> _Task goal_
What should be copied is the stretch of entries below from the line with "Salted egg yolk" up to and including the line with "Producción formal de", exactly and without images.

> _Data extracts_

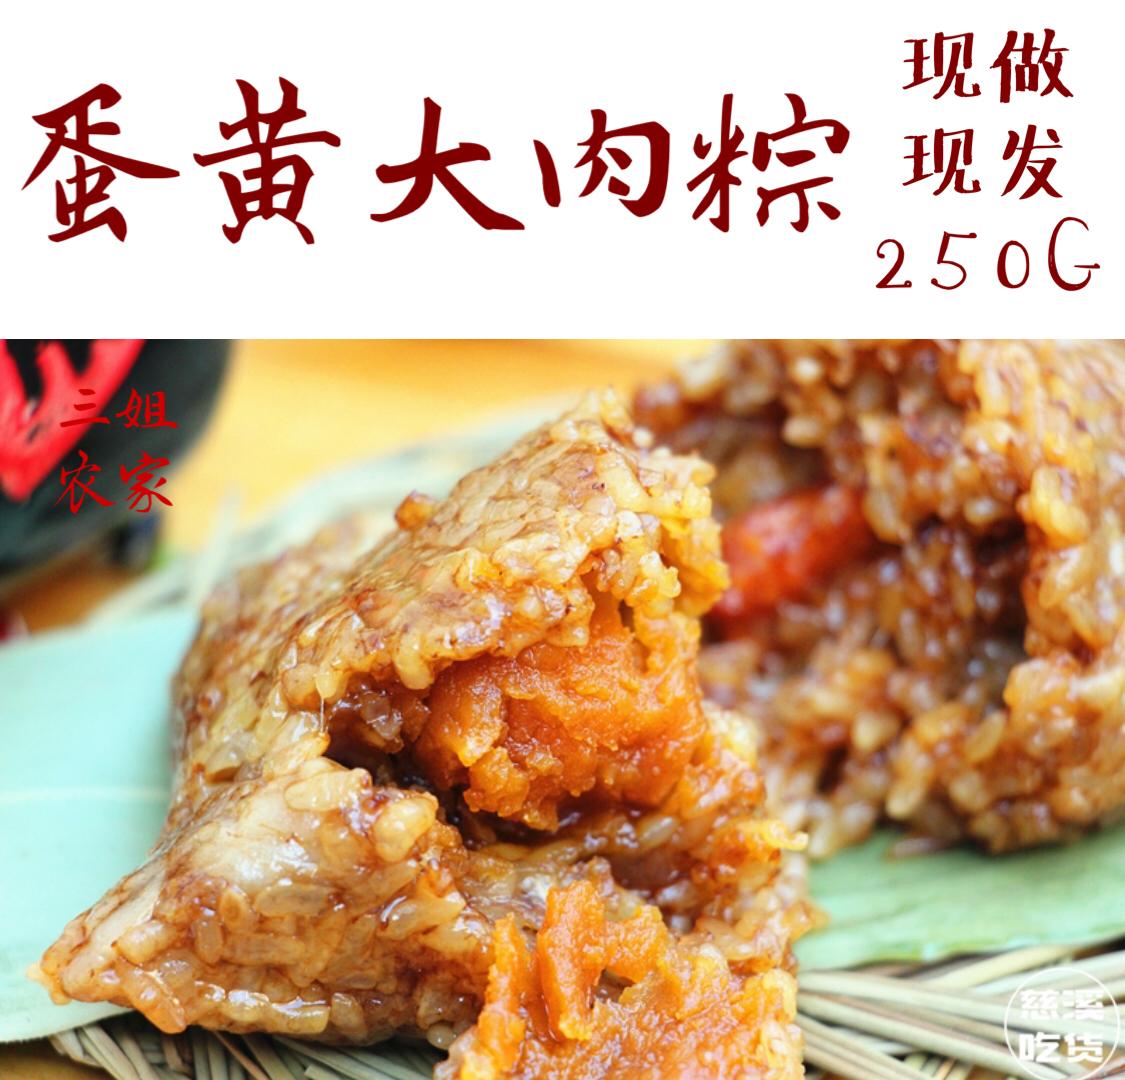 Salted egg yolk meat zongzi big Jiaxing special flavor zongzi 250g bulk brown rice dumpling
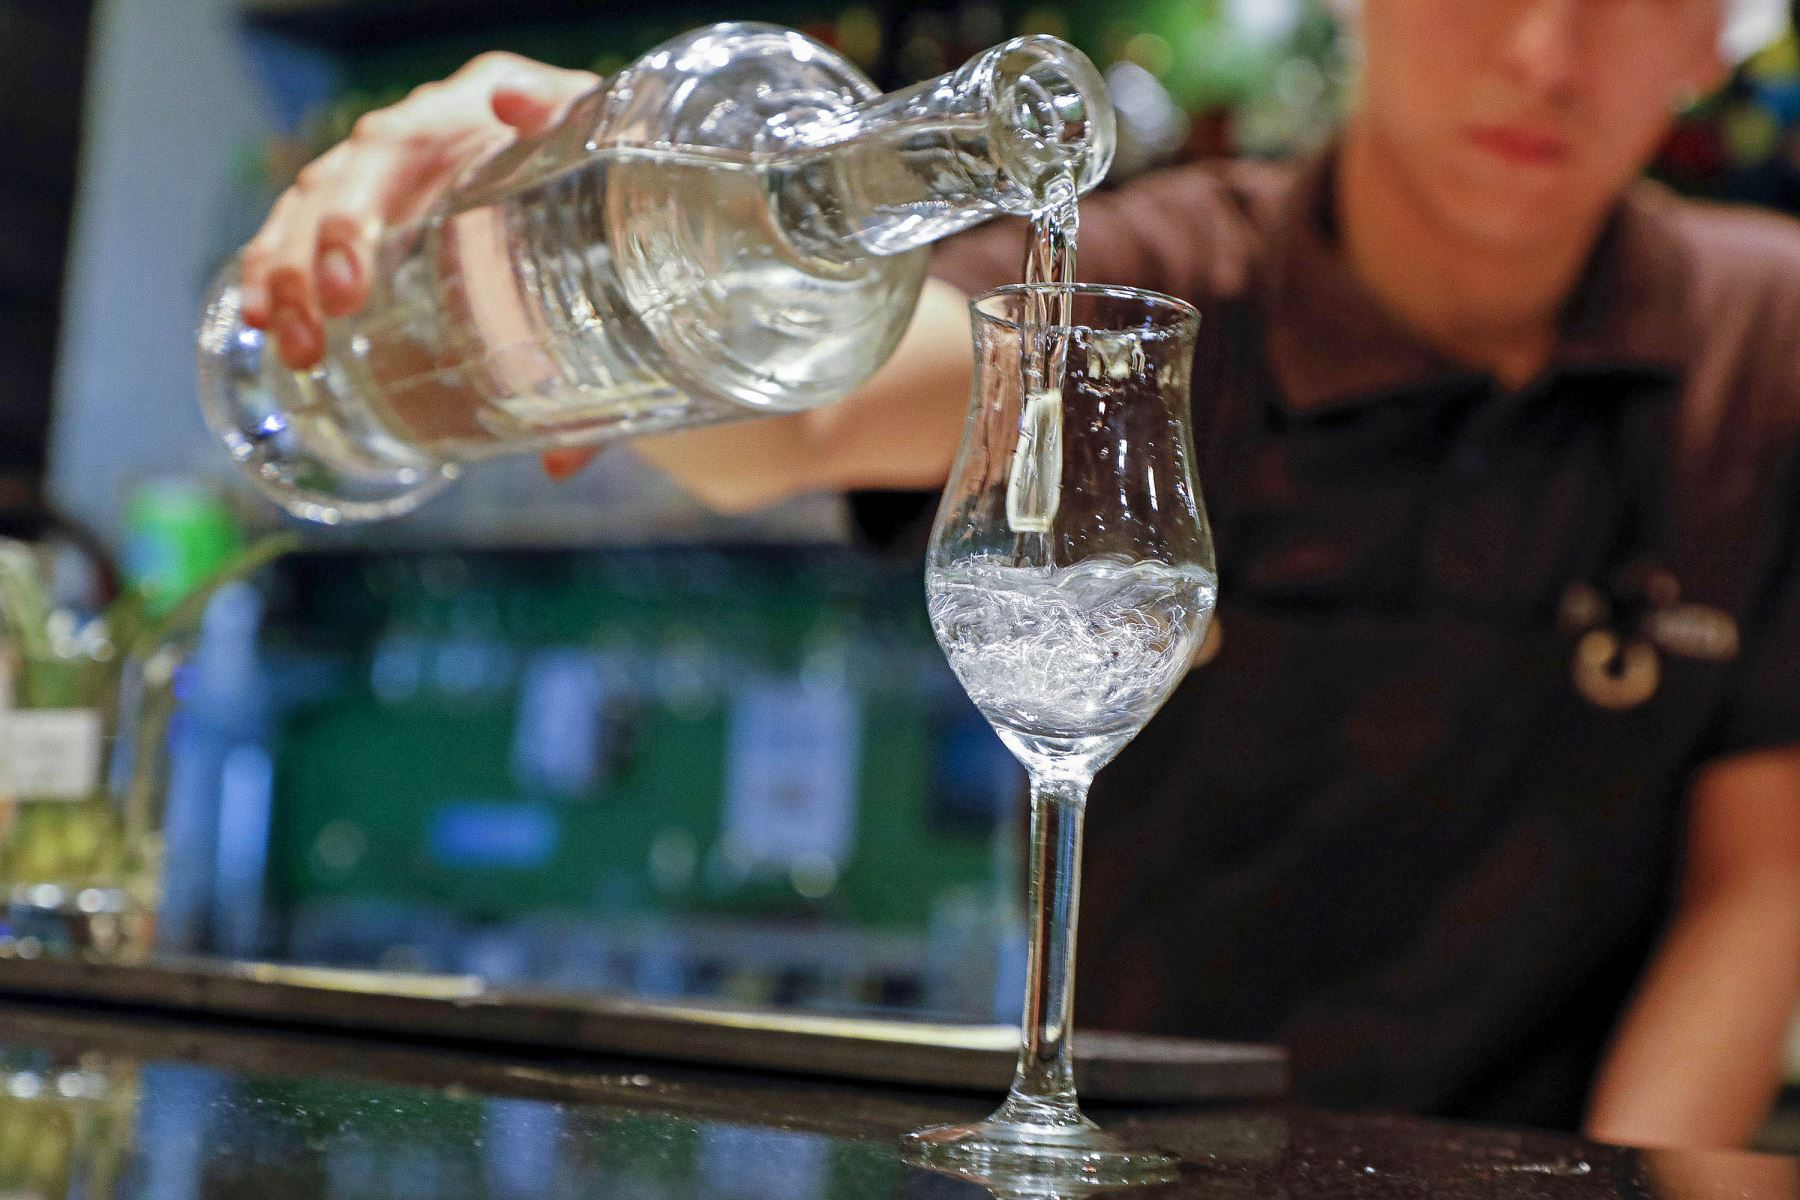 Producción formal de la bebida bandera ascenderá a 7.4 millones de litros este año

* * *

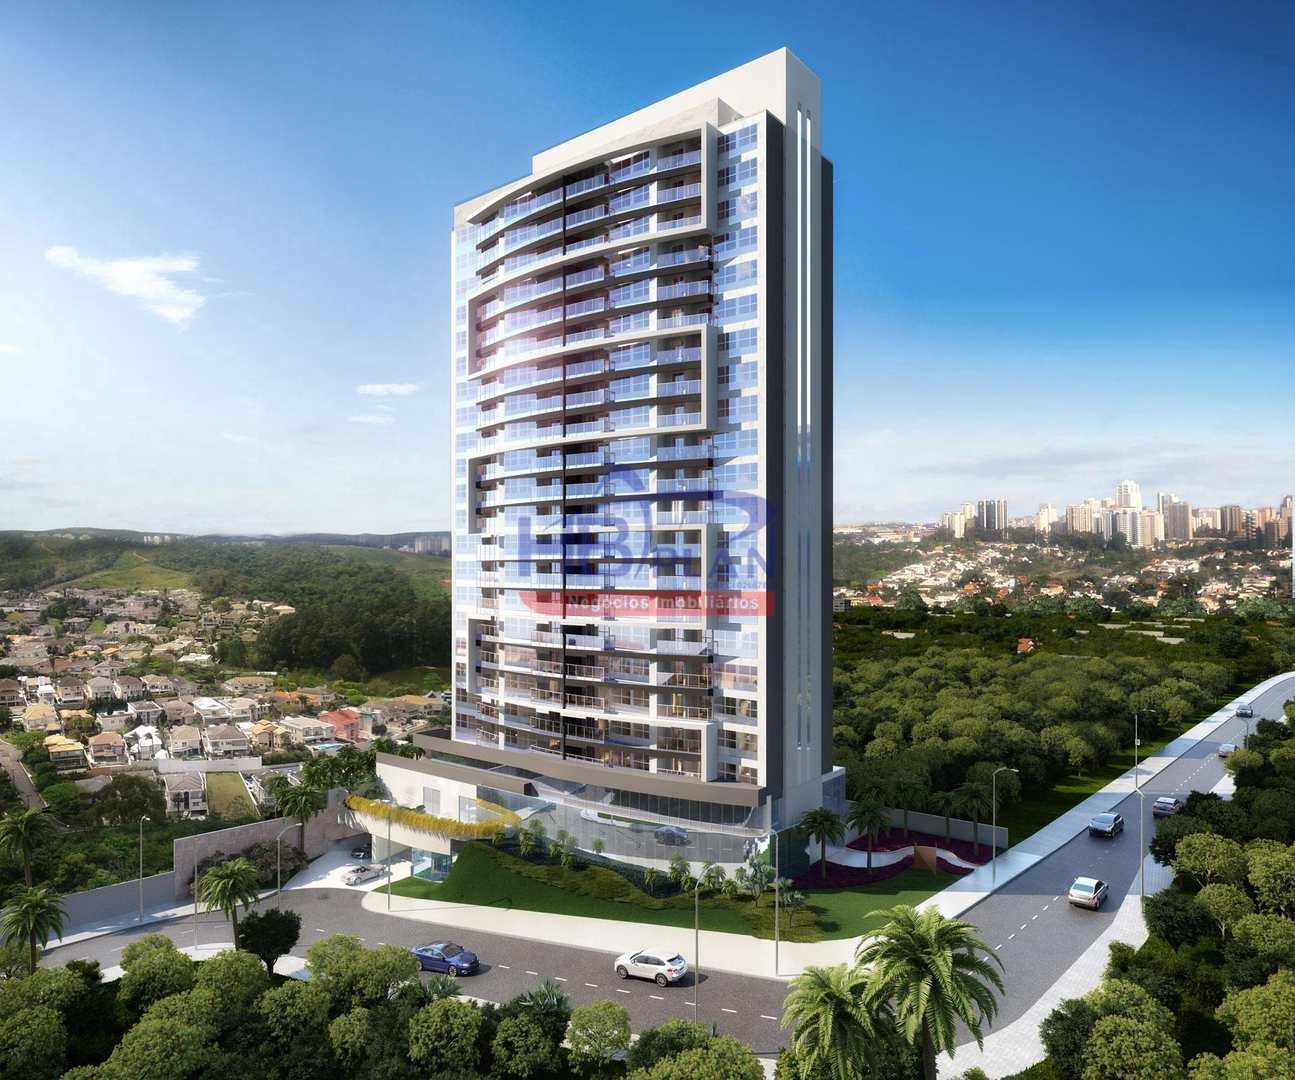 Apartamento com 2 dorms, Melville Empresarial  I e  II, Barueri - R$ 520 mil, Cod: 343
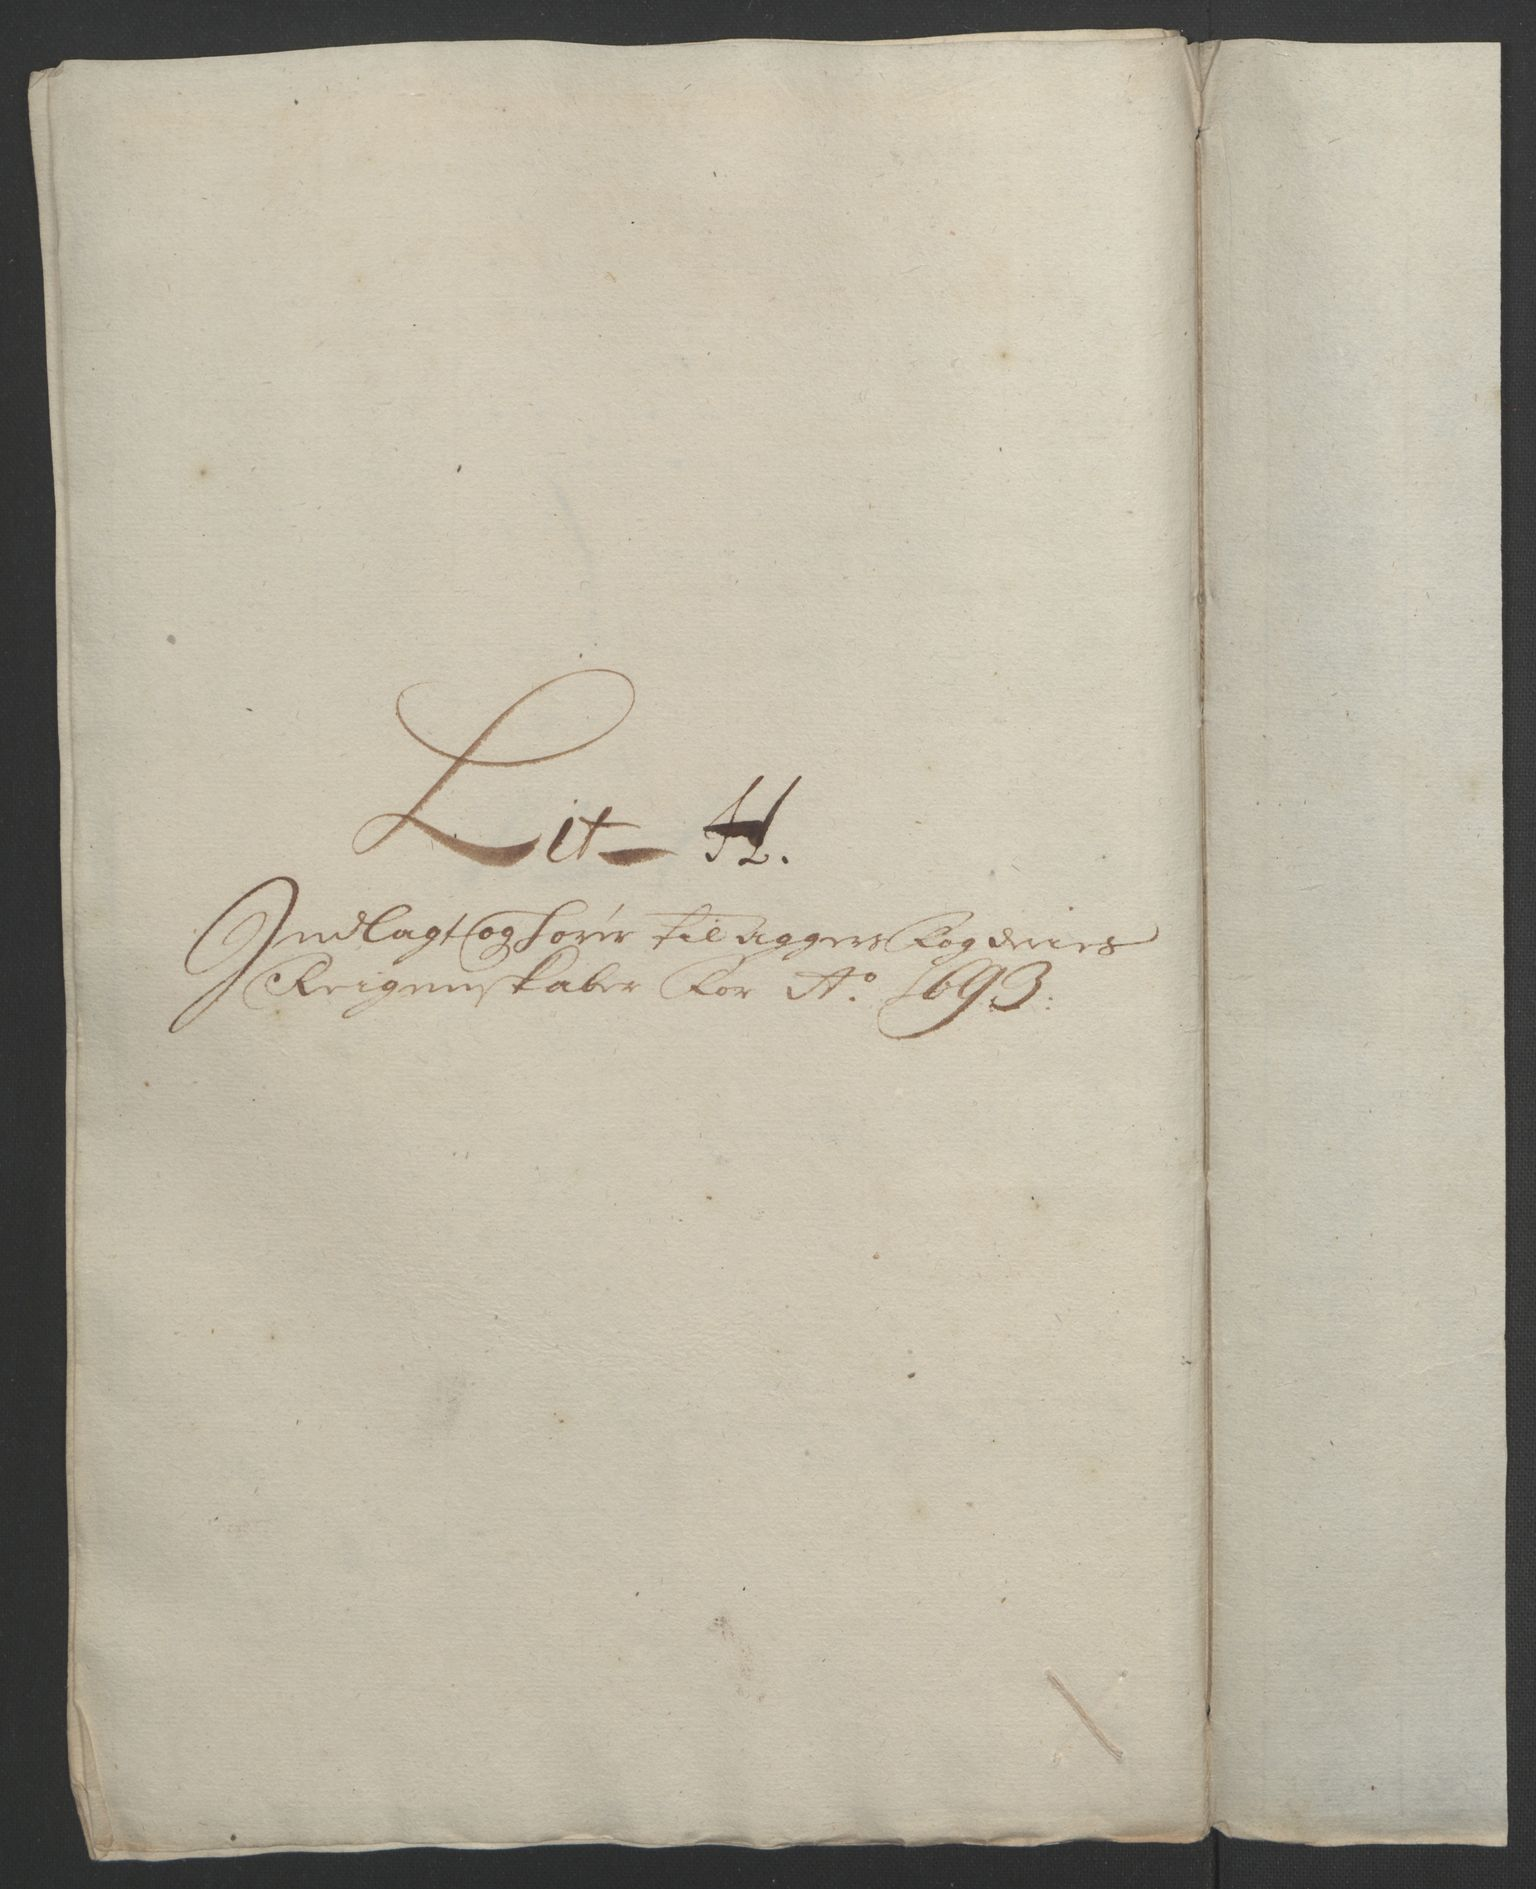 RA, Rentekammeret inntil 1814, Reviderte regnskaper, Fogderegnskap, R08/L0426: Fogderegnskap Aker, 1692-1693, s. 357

> _Finished exercise_
 Salted egg yolk meat zongzi big Jiaxing special flavor zongzi 250g bulk brown rice dumpling
 Producción formal de la bebida bandera ascenderá a 7.4 millones de litros este año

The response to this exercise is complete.